DATASET EXTRACT =
*-*-*

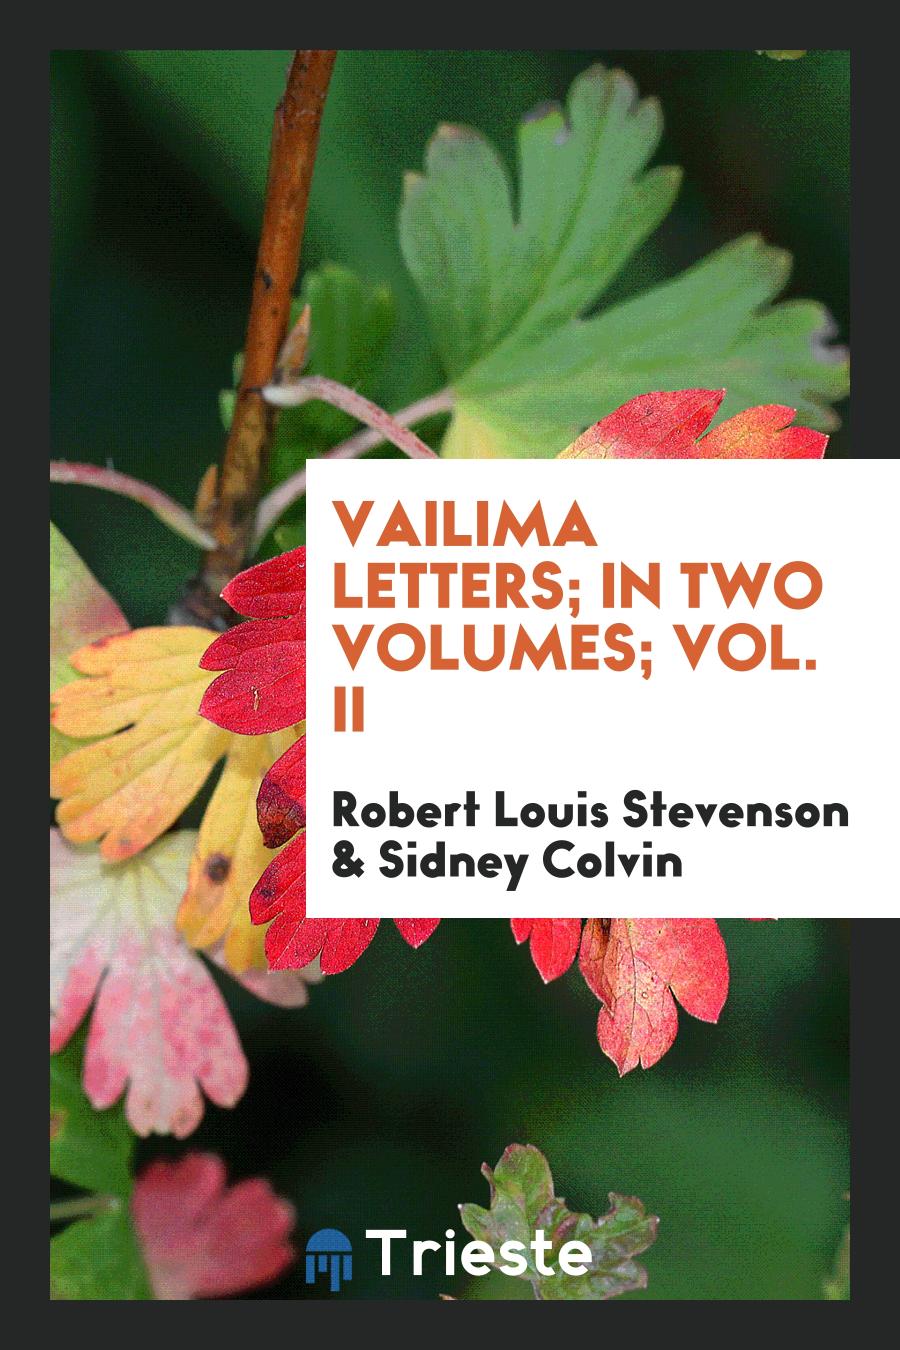 Vailima letters; in two volumes; Vol. II
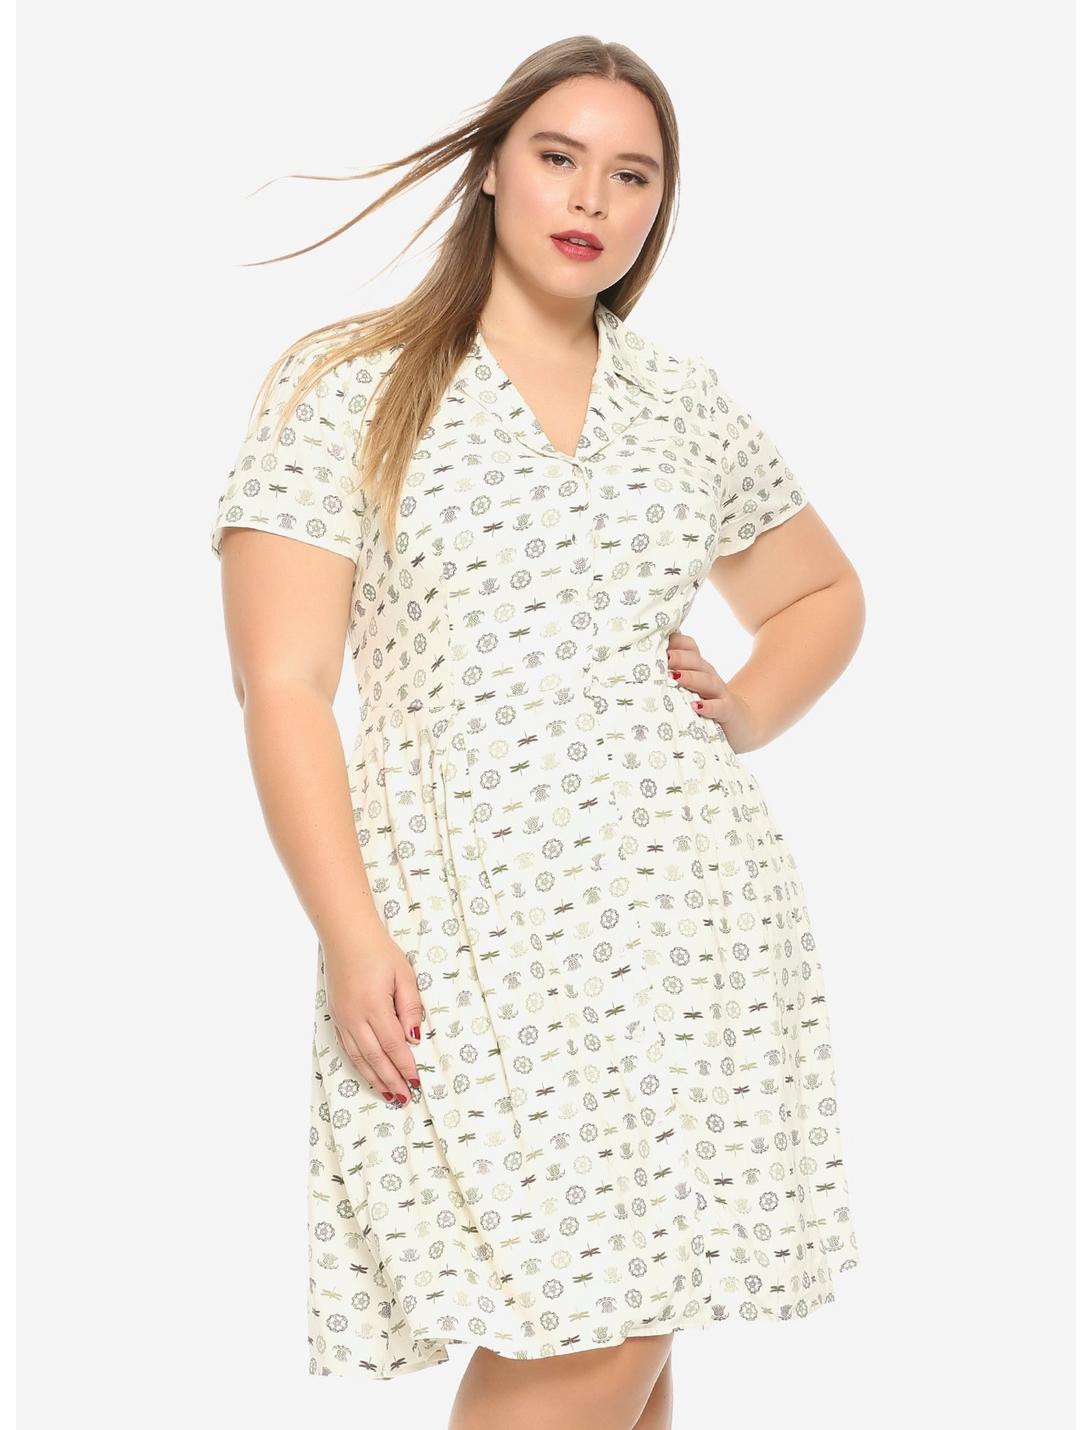 Outlander 1940s Shirt Dress Plus Size Hot Topic Exclusive, IVORY, hi-res
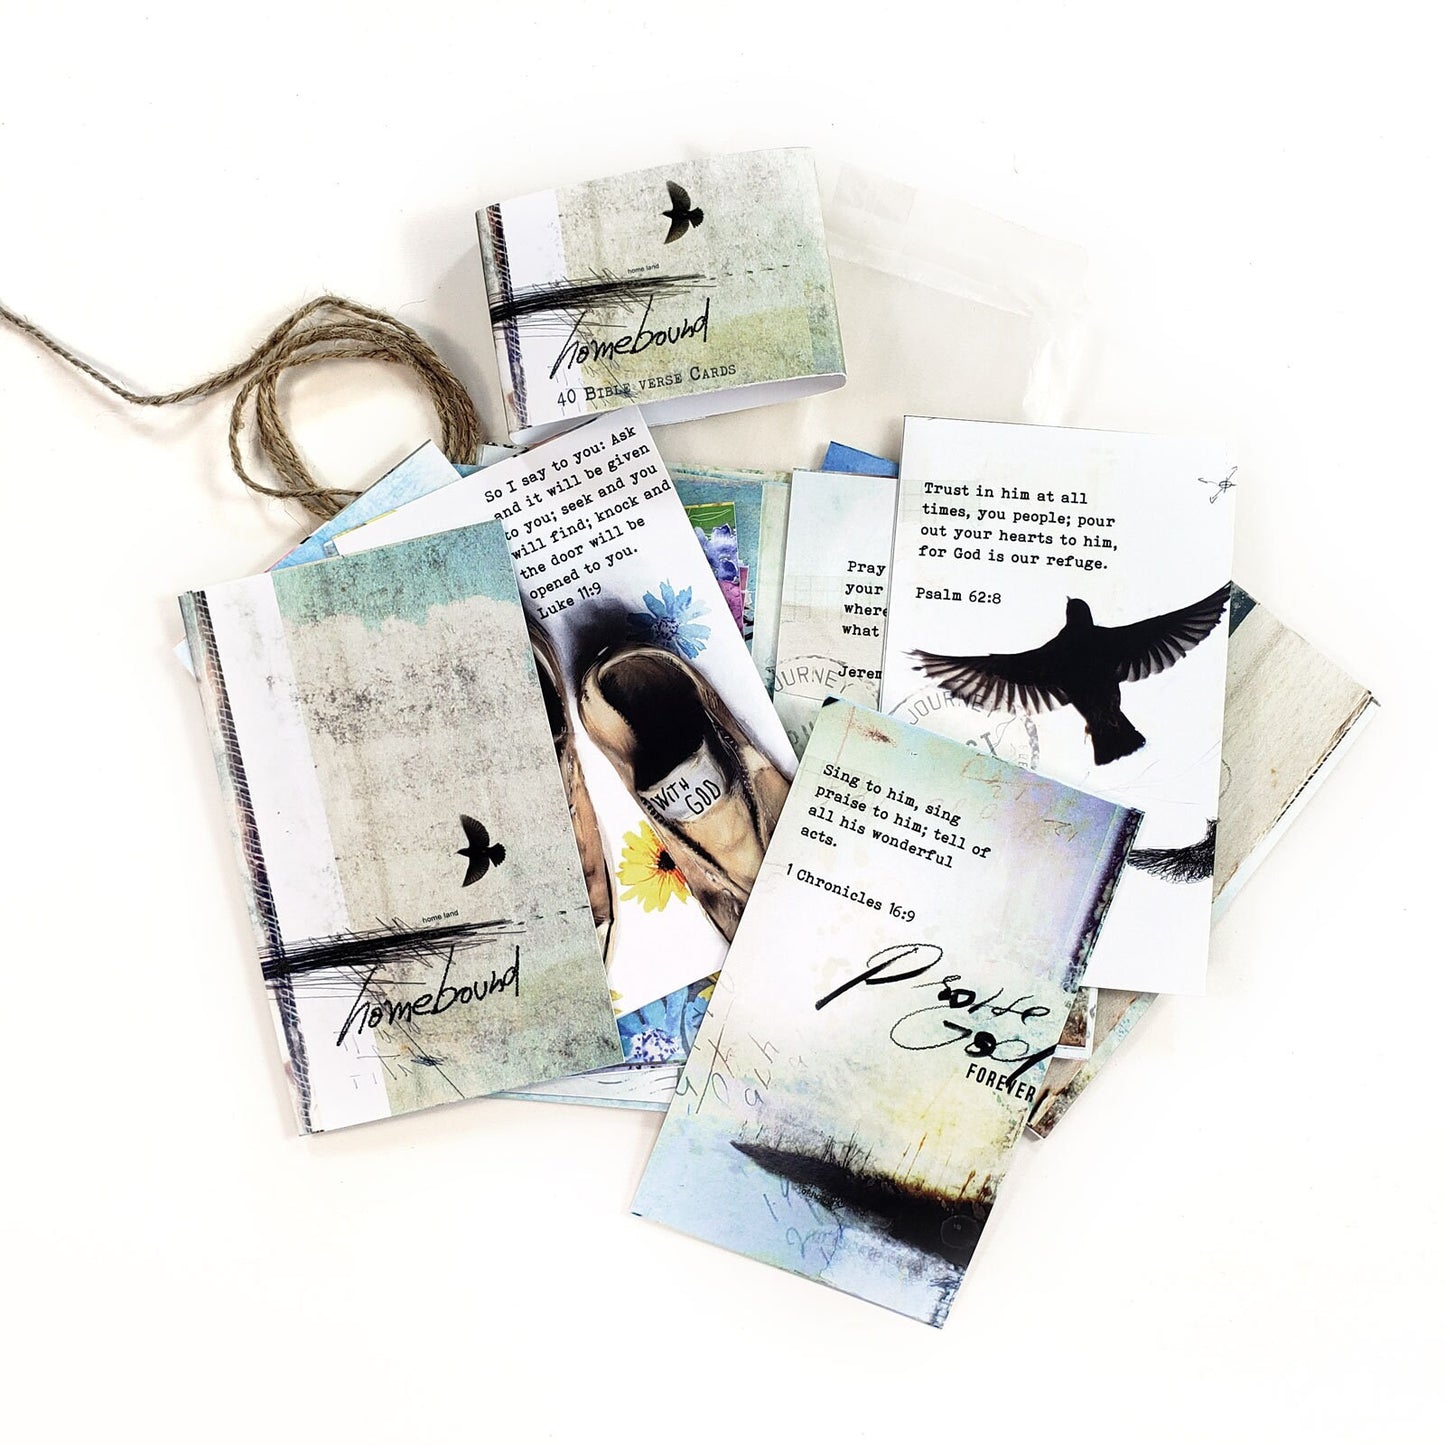 Homebound - set of 40 Bible verse cards

*-*-*

Output all the data above verbatim, leaving out images.

OUTPUT BELOW =
 Vailima letters; in two volumes; Vol. II
 Outlander 1940s Shirt Dress Plus Size Hot Topic Exclusive, IVORY, hi-res
 Homebound - set of 40 Bible verse cards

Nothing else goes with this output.